REVIEW
& OUTLOOK
The 'Exit Strategy' Democrats
The only thing they can't imagine is
success in Iraq.
Thursday, February 3, 2005 12:01 a.m.
Every so often, an American politician takes an unpopular
stand for the sake of what's right: Think of Gerald Ford's pardon of Richard
Nixon. Frequently, he takes an unprincipled stand for the sake of what's
popular: Take Richard Nixon's price controls. Sometimes, even, he does what's
right, which also happens to be popular: Ronald Reagan's bombing of Libya.
Only in the rarest of instances, however, do politicians take
positions that are both unpopular and unprincipled. That is where the
Democratic Party leadership finds itself today on Iraq.
On Sunday, some eight million Iraqi citizens risked their lives to
participate in parliamentary elections--as vivid and moving a demonstration of
democratic ideals in action as we've seen in our lifetimes. Whereupon Senate Democrats
Harry Reid, Ted Kennedy and John Kerry took to the airwaves to explain that it
was no big deal and that it was time to start casting about for an "exit
strategy."
Mr. Kerry: "No one in the United States
should try to overhype this election.... It's hard to say that something is
legitimate when a whole portion of the country can't and doesn't vote."
Mr. Kennedy: "While the elections are a
step forward, they are not a cure for the growing violence and resentment of
the perception of American occupation. . . . The best way to
demonstrate to the Iraqi people that we have no long-term designs on their
country is for the Administration to withdraw some troops
now . . ."
Minority Leader Reid: "We need an exit
strategy so that we know what victory is and how we can get
there. . . . Iraq is clearly important, but there are so many
bigger threats to our national security . . ."
So what is the Democratic Party's message on this inspiring
exercise in Iraqi self-determination? First, that the election's legitimacy is
questionable. Second, that its effects will be minor. Third, that America's
presence in Iraq is doing more harm than good by generating terrorism and
anti-Americanism where none previously existed. Fourth, that the U.S. has
better things to do. Fifth, that American sacrifices in Iraq are best redeemed
not by victory, but by the earliest feasible departure.
As a matter of policy, this is a manifesto for irresponsibility.
Just as the postponement of elections would have been a gift to the insurgents,
a timetable for withdrawal now would amount to a concession of defeat. The
Iraqis certainly know this, with interim President (and Sunni Arab) Sheik Ghazi
al-Yawar saying Tuesday that it is "complete nonsense to ask the troops to
leave in this chaos and this vacuum of power." The claim that the U.S. has
become a force for occupation only validates the Al-Jazeera hypothesis that the
terrorists are engaging in a legitimate exercise in "resistance."
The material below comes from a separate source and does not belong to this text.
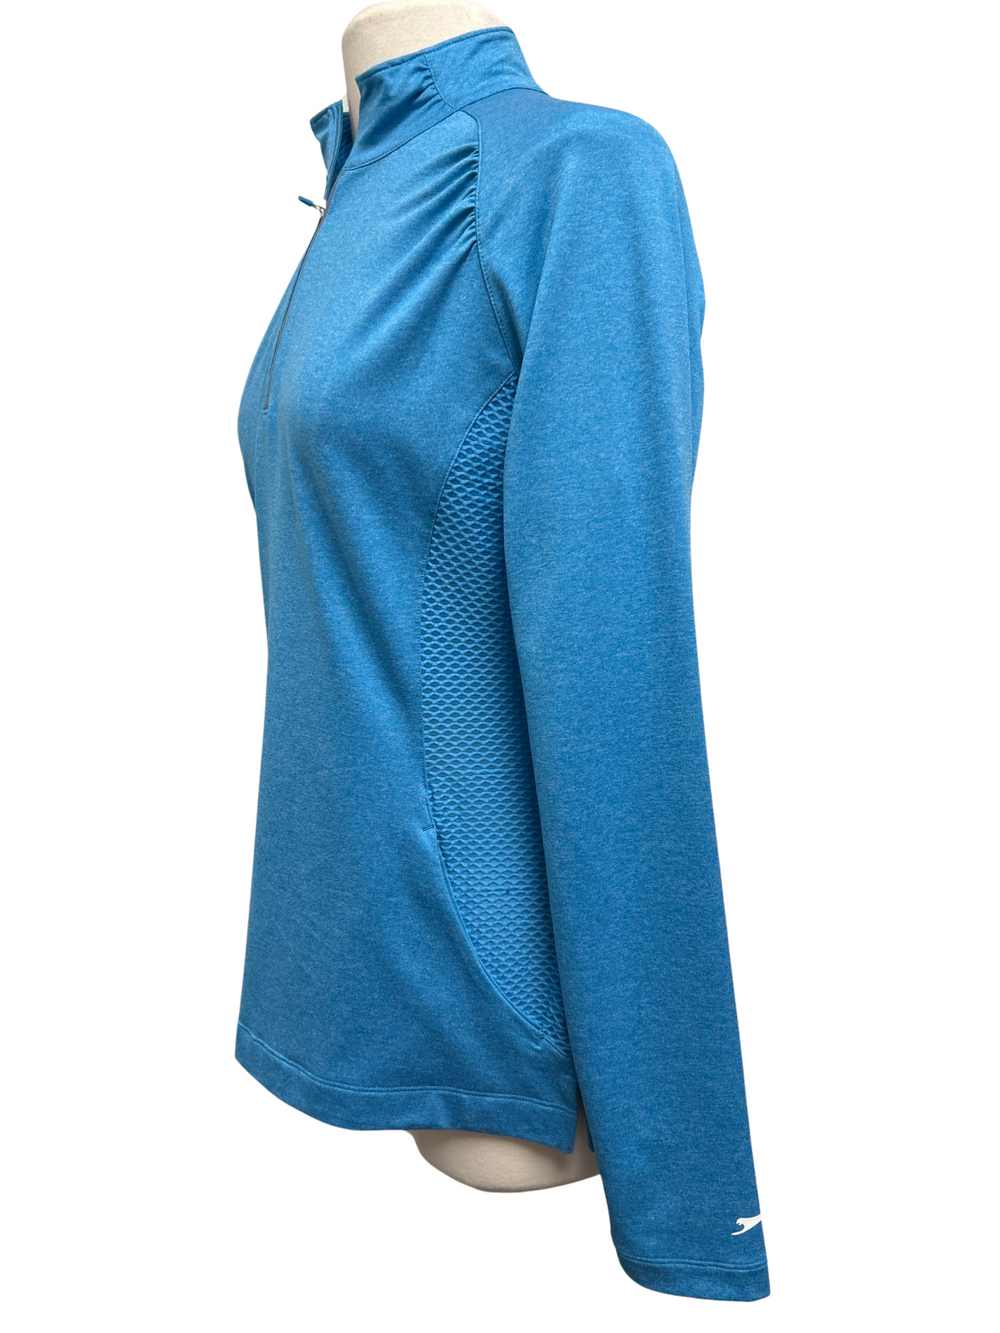 Slazenger Long Sleeve 1/2 Zip Pullover - Size L - Bright Blue - Skorzie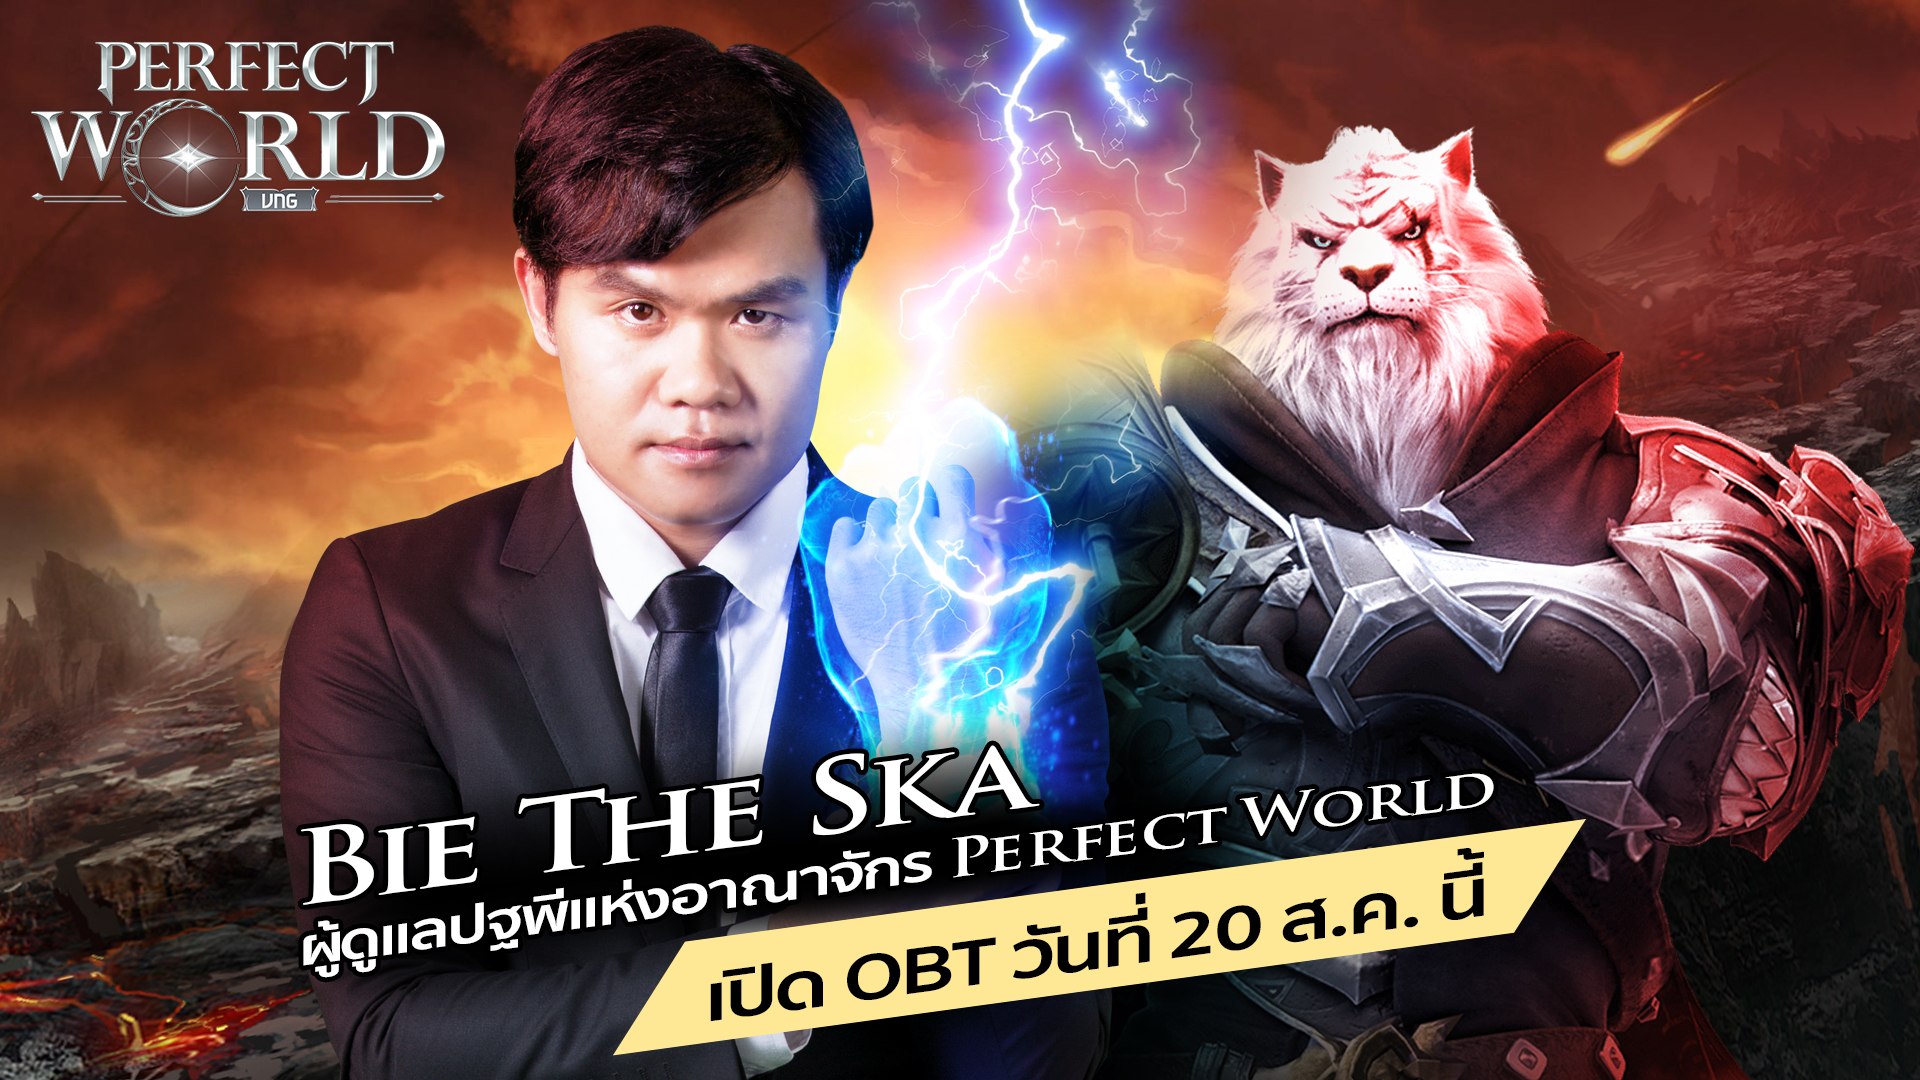 Perfect World VNG | Bie The Ska บี้เดอะสกา

What is more astonishing, however, is the Democrats' political
tone-deafness. In their indictment of Administration policy, the Senators
always take care to add a few words of tribute to the American soldier. But
what's the point of praising his courage when only a fool would want to be the
last man to die for a mistake?
Today, the Democratic Party has put itself in the awkward position
of hoping to gain political advantage in the 2006 elections as a result of
American wartime reverses, just as some House Republicans did during the war in
Kosovo (they were saved by their Senate betters). This is not a place any
political party should wish to be.
We understand that it is in the nature of the party of opposition
to oppose. But there's no law in politics that says opposition has to be blind.
Following the Iraqi election, Senator Hillary Clinton offered that "we
have to salute the courage and bravery of those who are risking their lives to
vote and those brave Iraqi and American soldiers fighting to protect their
right to vote. They are facing terrorists who have declared war on democracy
itself and made voting a life-and-death process." Last we checked, nobody
had accused Mrs. Clinton of being a Republican.
At the onset of the Cold War, and despite opposition from the
isolationist wing of their party, Arthur Vandenberg and other Republican
Senators worked with Democratic President Harry Truman to forge the containment
strategy against Communism. Where is today's Democratic Vandenberg?